Agriculture can feed the growth of the national economy, providing investment opportunities to the private sector and be the main driver of related industries and the rural non-farm economy. Two thirds of the agricultural added value in the world from developing countries. In countries with strong agricultural, agriculture contributes 29%, on average, gross domestic product (GDP) and employs 65% of the population. Industries and services related to agriculture in value chains often contribute to over 30% of GDP in developing countries and changing urbanized. Agricultural production is important for food security because it is a source of income for the majority of the rural poor. It is particularly critical in a dozen countries in sub-Saharan Africa are jointly approximately 200 million. These countries are exposed to repeated food emergencies and uncertainties in food aid is therefore essential, in their case, to increase and stabilize their domestic production to ensure food security.

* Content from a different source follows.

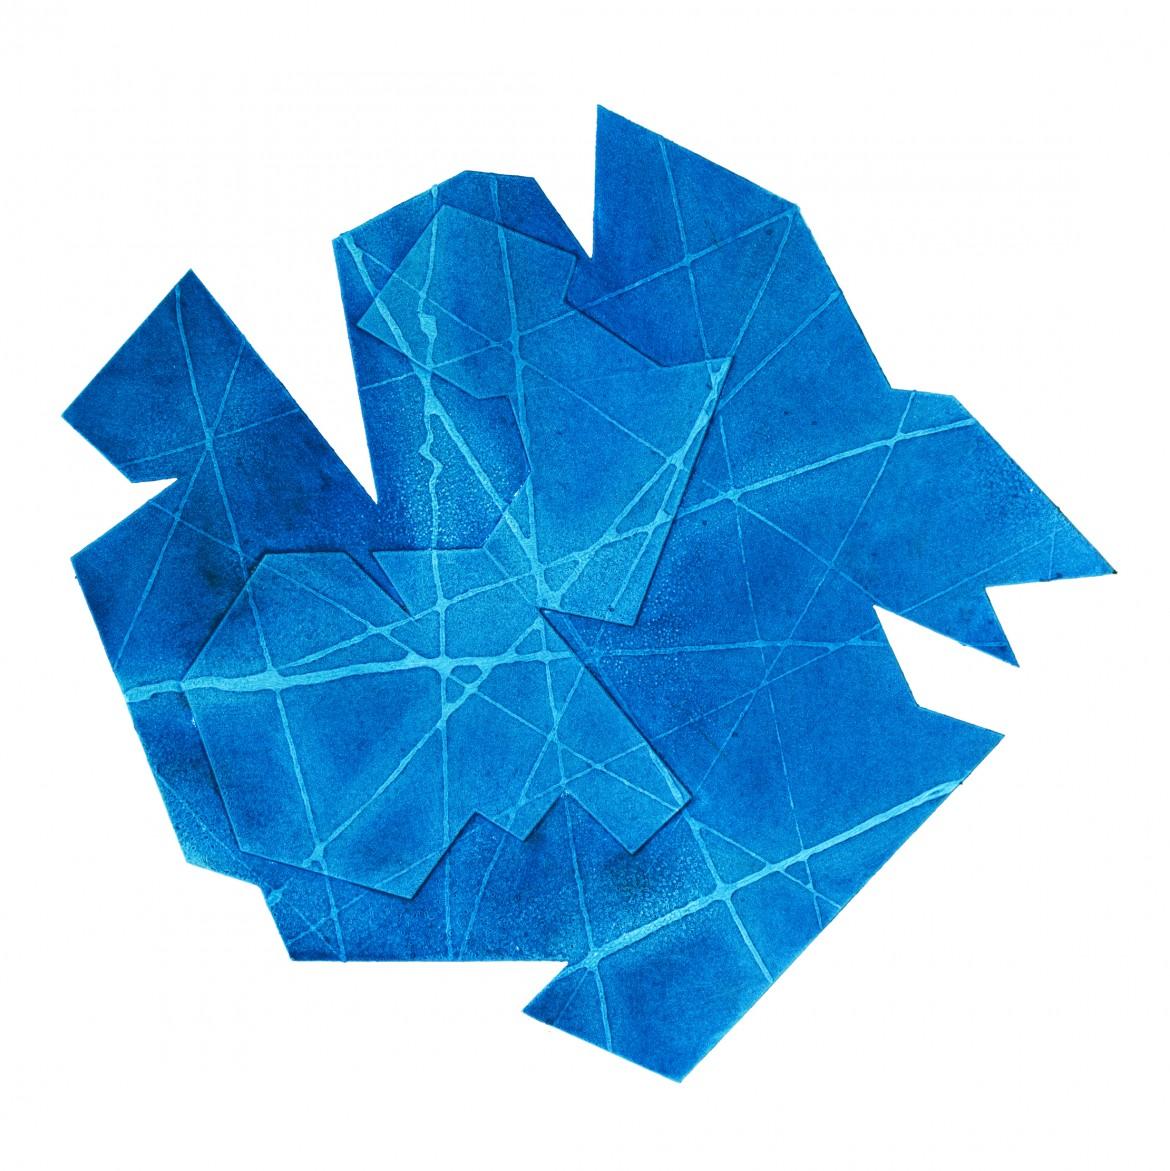 Sinclair Ashman: 'Geometry II Blue'. Collagraph print.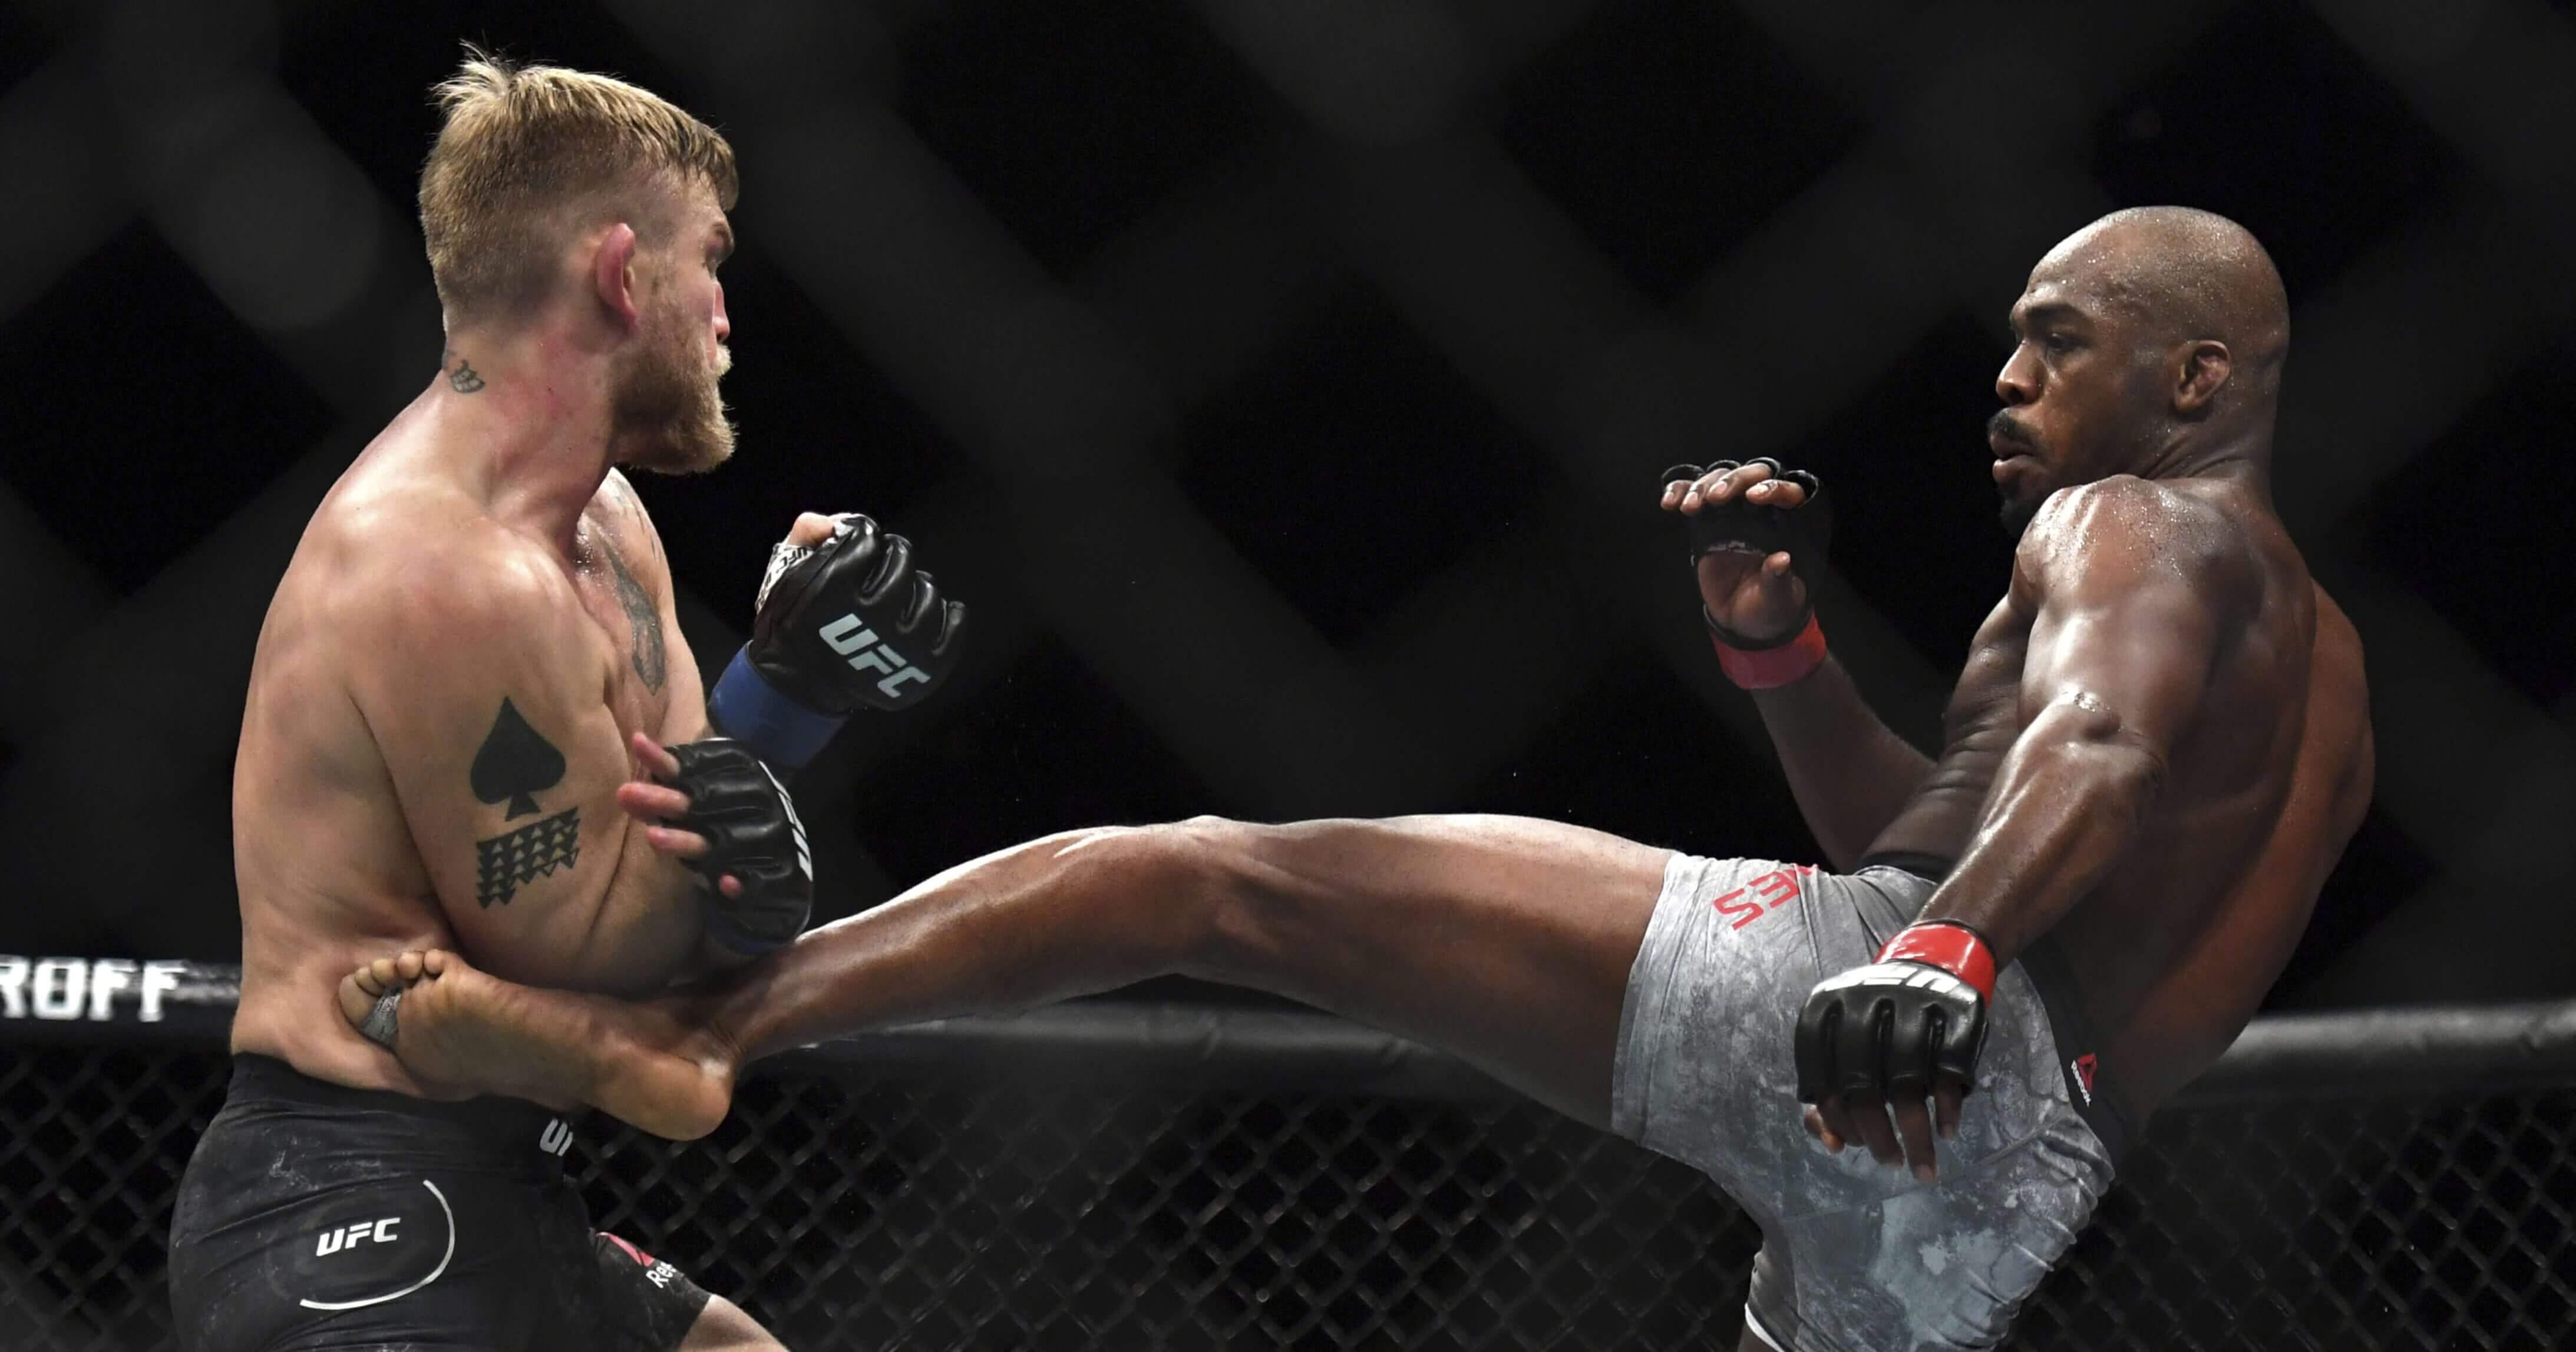 Jon Jones, right, lands a kick to Alexander Gustafsson during the UFC men's light heavyweight mixed martial arts bout Dec. 29 at UFC 232 in Inglewood, California.

Agriculture as a livelihood

According to estimates, agriculture provides a livelihood for 86% of rural populations. It employs 1.3 billion smallholders and landless rural people, it provides a "social protection funded by the firm" when shocks occur in urban spaces, and is the foundation of rural communities viable. Of the 5.5 billion people in the developing world, 3 billion, almost half of humanity, live in rural areas, an estimated 2.5 billion of them are members of households engaged in agricultural activities and $ 1.5 billion belongs to households of small farmers.

  • While 75% of the world's poor live in rural areas, only 4% of official development assistance goes to agriculture in developing countries.
  • In sub-Saharan Africa, a region heavily dependent on agriculture for its growth, public spending for agriculture accounts for only 4% of total public expenditure and tax burden is relatively heavy in this sector.
  • For the poorest people, GDP growth determined contributes about four times more effective at reducing poverty when the increase comes from agriculture and not in another.

Agriculture, if it does not much to a country like Senegal, occupies the majority of the population and all of them in rural areas (70% of Senegalese are farmers or ranchers). Thus, ten million, nearly seven are farmers. Eleven million over five live in rural areas. Of the 200,000 km2 of the country, more than 80,000 are directly and permanently dedicated to agricultural activity, and around 60,000 to pastoral activity.

Agriculture is an important sector of the economy, it should be promoted more by a capacity and skills of producers. The first priority is to create conditions so that farmers and ranchers improve their production capacity both in quality and quantity where appropriate in order to satisfy their basic needs. The development of agro-pastoral and competitive pay, promotion of employment related to production or processing, will enable the rural world to meet its basic needs for food, health and education.

Improving the situation of children and rural women participating in large part to the creation of wealth will be promoted through educational training and learning of Information Technology and Communication.